Main Water Pollutants (Examples)


The water contamination or Water pollution refers to the alteration of its chemical properties, usually a direct or indirect product of human activities, making it unsuitable for consumption by animals and humans, and even for recreational, industrial, agricultural and fishing use. For instance: hydrocarbons, radioactive waste, mining tailings.

There are numerous polluting sources that currently besiege rivers, seas and lakes, and even rainwater, and that unbalance the biological cycles that take place inside them, causing extinctions, mutations, migrations and irreversible ecological damage that, in turn, entail other environmental damage secondary.
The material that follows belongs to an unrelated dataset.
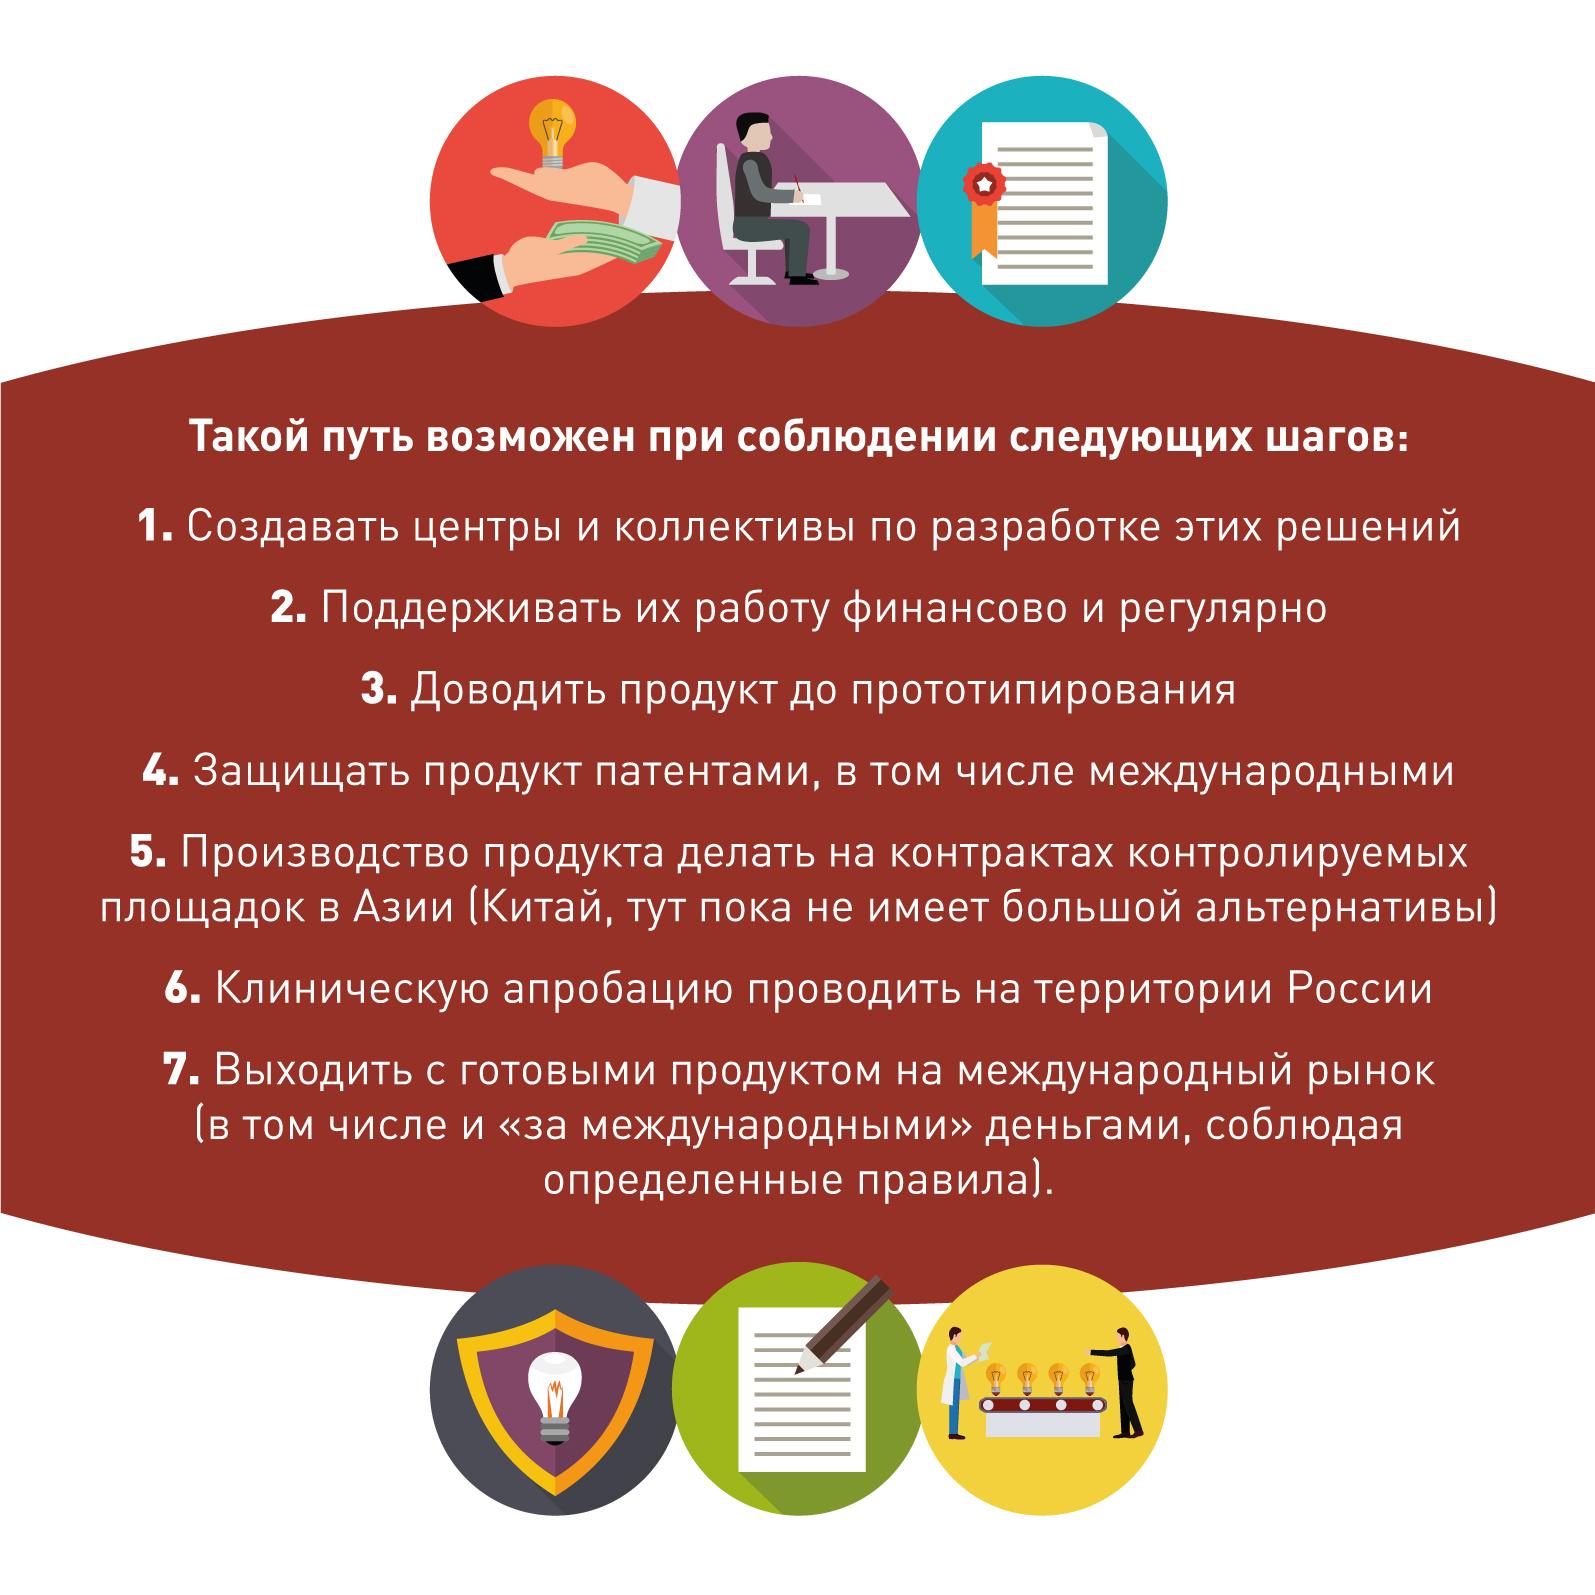 Потенциальные возможности России в рамках инноваций в цифровой медицине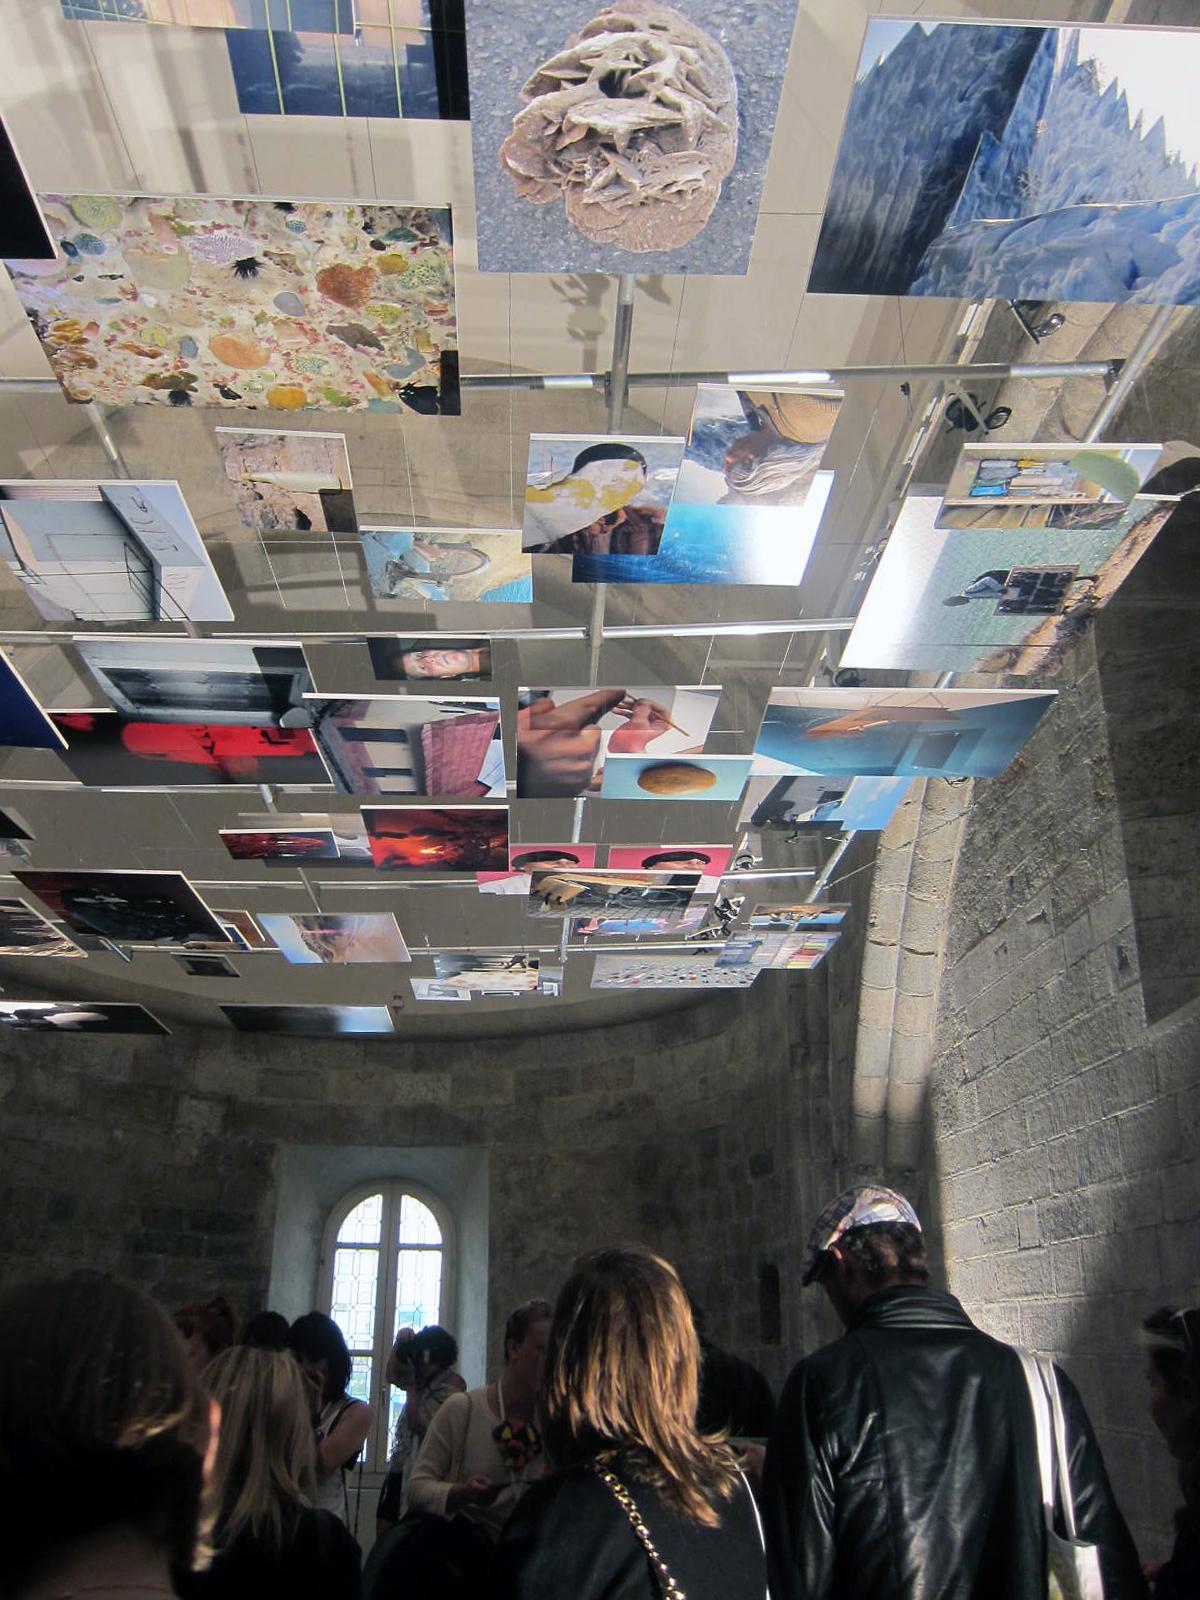 solo exhibition at Tour les Templiers during Hyeres festival de mode et photographie in Hyeres France

There are numerous initiatives to combat water pollution, but they are insufficient for the daily injection of polluting elements that we submit to the planet.

Water pollutants

  1. Hydrocarbons. Not only the large and dramatic oil spills, outright ecological tragedies that kill animals, plants and microorganisms alike, but also the small emissions of diesel, diesel, oils and other petroleum-derived fuels used in maritime automotive transport, make people feel its presence in the chemical balance of the waters, from the introduction of harmful substances that are difficult to eliminate by the ordinary biotic chains of the seas.

oil hydrocarbon spill

  1. Urban discharges. All the liquids that we dispose of from our houses through the drainage will, sooner or later, enter the rivers or the ocean. In this sense, our daily way of life throws them tons of organic waste, industrial solvents, chemical cleaners and consumer oils, which often unbalance the food chain of the seas, promoting the proliferation of certain species over others, or whose decomposition deoxygenates the water, preventing the reproduction of the weakest species.
  2. Construction materials. The construction and cement industries often dump waste materials into the water (through cleaning or waste disposal routines), which leads to the suspension of toxic elements (metals, dense powders) in the water, altering little lowering their pH levels and making them less compatible with life.
  3. Agricultural substances and wastes. Much of the waste material from the agricultural and livestock industry is dumped into rivers, which lead to the sea. This includes organic matter, leftover compost, and often pesticides, pesticides, and agrochemicals of a toxic nature, which leach into groundwater or are washed away by rain and then poison the water. Many of these substances are then found inside fish and shellfish that we gladly eat.

pesticides soil contamination

  1. Discharges from power plants. The waters taken by electricity generation plants are often at temperatures other than those of the sea or rivers. Once these waters return to their course, the total temperature of the environment varies, causing ecological damage to the species that depend directly on the temperature of the water, and indirectly on those that feed on them.
  2. Mining tailings. Often the result of illegal mining activities and therefore difficult to control, the spillage into rivers of mercury and other substances used in the extraction of precious minerals has a serious effect on the local fauna and flora, in addition to which leads to destruction. soil and indiscriminate logging, activities common to this illegal industrial area.
  3. Solid commercial waste. Much of the material we discard goes to the sea or lakes, where it becomes a harmful agent for the local fauna and flora, due to its chemical or physical properties. Metals, for example, oxidize in water and react by altering its chemical balance, while plastic, difficult to biodegrade, accumulates and often enters the body of fish, turtles and birds, causing death. .

plastic polluting water

  1. Radioactive waste. The big point against nuclear power plants is that they generate radioactive material that is highly harmful to life in all its forms and that it can only be contained in lead barrels. Many of them are then discharged into the water in deep seas or ocean trenches, where the lead oxidation cycle releases them before their active life has ended, spreading radioactivity to all local species.
  2. Industrial chemical waste. Most of the manufacturing and material procurement processes by-produce substances that are then discharged into the river or lakes, where it reacts in uncontrolled and unforeseen ways with local habitats, and can even indirectly contaminate the inhabitants with highly carcinogenic substances. toxic or simply destroying the local chemical balance.

Industrial water pollution.

  1. Substances that produce acid rain. The pollution of the air and water leads to the phenomenon of acid rain, in which toxic substances accompany the water in its cycle or are integrated into it in the atmosphere and then precipitate together with the raindrops, deteriorating the health of local and often population species.